SUMMARY of the Conclusions
- Porphyry copper-gold deposits form within magmatic vapour plumes.
- These plumes contain highly reactive SO2 and HCl, along with Cu and other metals.
- The permeability of these plumes is maintained through their evolution by time variant internal and regional deviatoric stress.
- Porphyry copper deposits are characterized by potassium silicate alteration at the scale of several km3.
- This alteration is directly associated with Cu-Fe-S mineralisation and occurs in large deposits such as the Grasberg deposit.
- Fluid inclusions in such assemblages are commonly assumed to be a potassium-enriched magmatic vapour.

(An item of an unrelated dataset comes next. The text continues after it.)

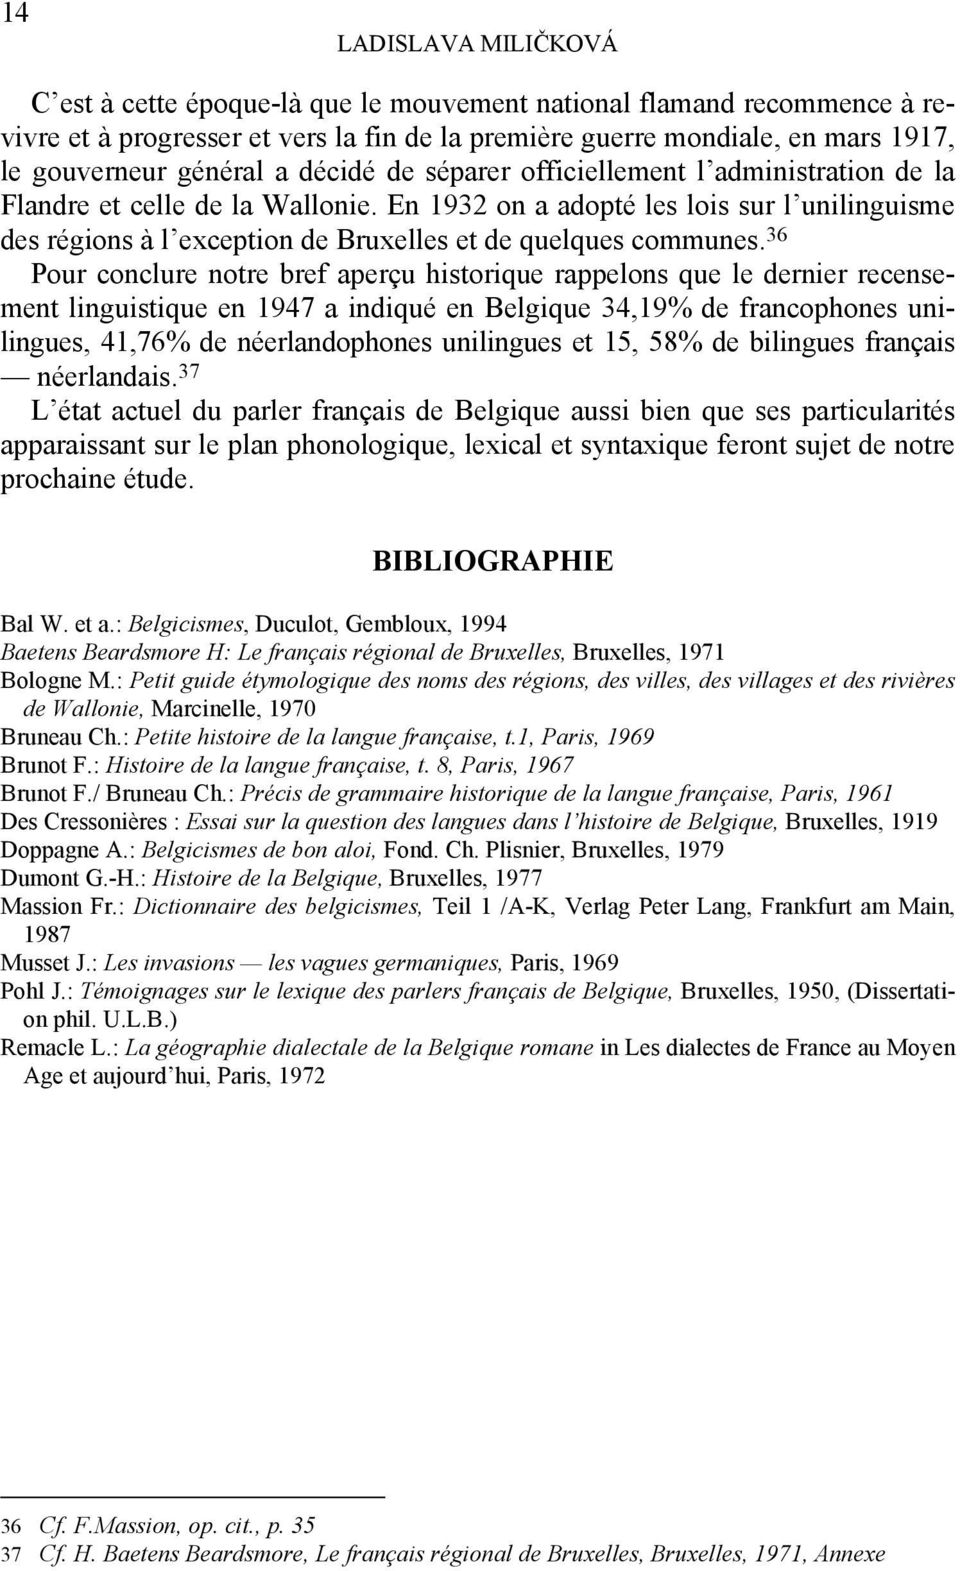 36 Pour conclure notre bref aperçu historique rappelons que le dernier recensement linguistique en 1947 a indiqué en Belgique 34,19% de francophones unilingues, 41,76% de néerlandophones unilingues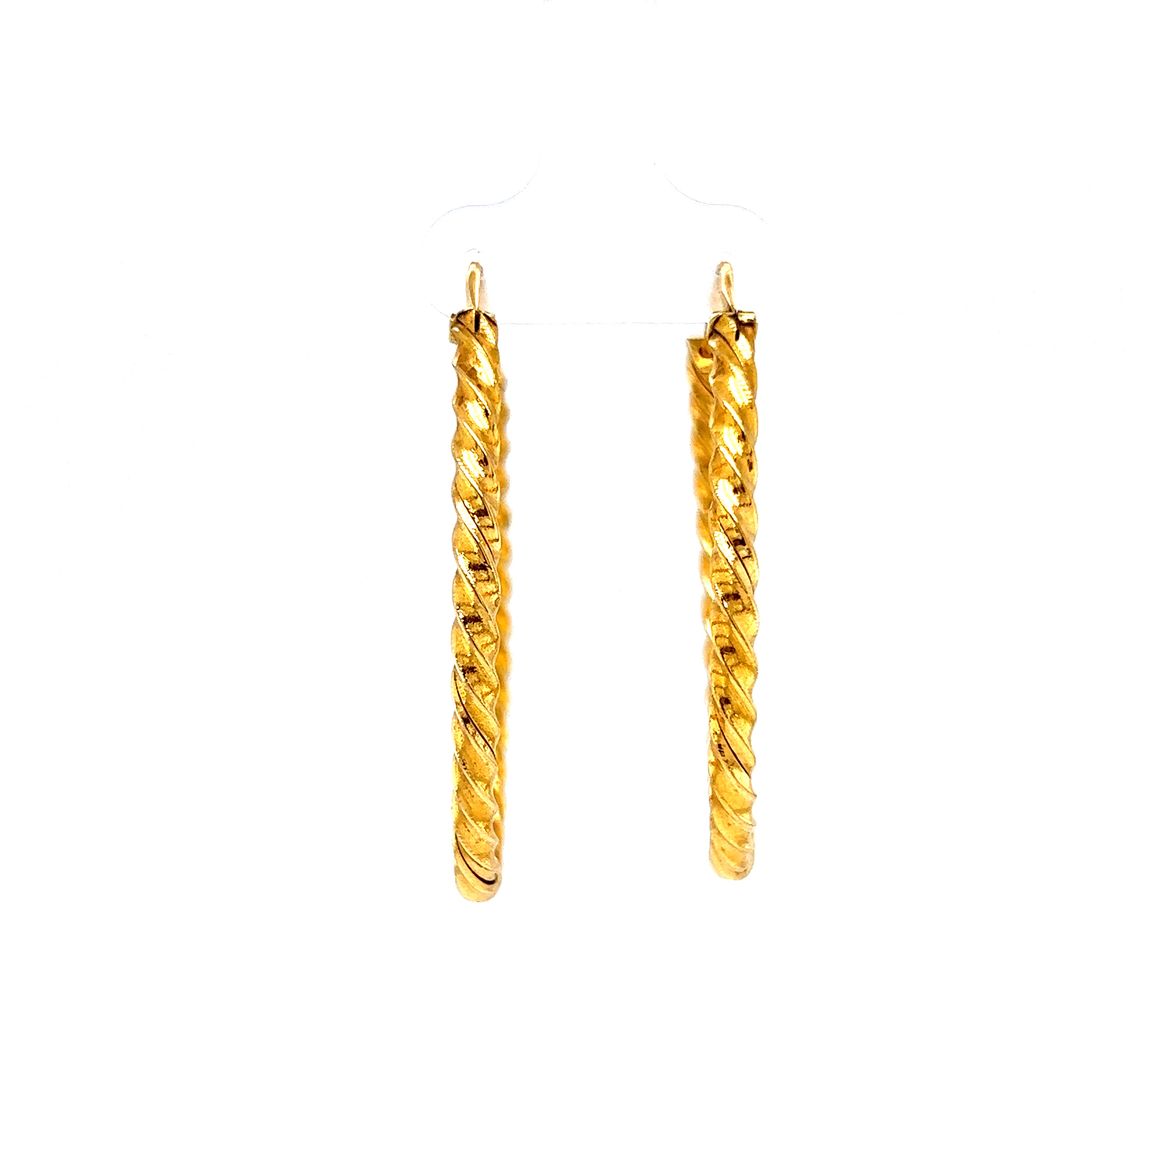 Twisted Oval Hoop Earrings in 18k Yellow Gold

- However, new data from Grasberg show alteration at the deposit scale of several km3 was essentially isochemical for major rock forming elements.
- There is no evidence for the involvement of a K-rich brine or K-enriched magmatic gas phase.
- Apparent potassium enrichment is the result of sequestration of calcium into anhydrite.
- This alteration process continually evolves intergranular porosity during mineral replacement with anhydrite and sulphides.
- This process maintains reactive gas flux in the altering host rock and sustains higher flux of magmatic gas through developing fracture veins.
- A quasi-isochemical hypothesis for potassic alteration in porphyry copper deposits is proposed.
- This alteration process occurs to various extents in evolving magmatic arc volcanoes due to sub-surface gas-solid reactions.
- Porphyry copper formation is correlated with processes inside active volcanoes.
- The relative economic potential of these volcanoes arises primarily from the relative fertility of the magmatic source regime.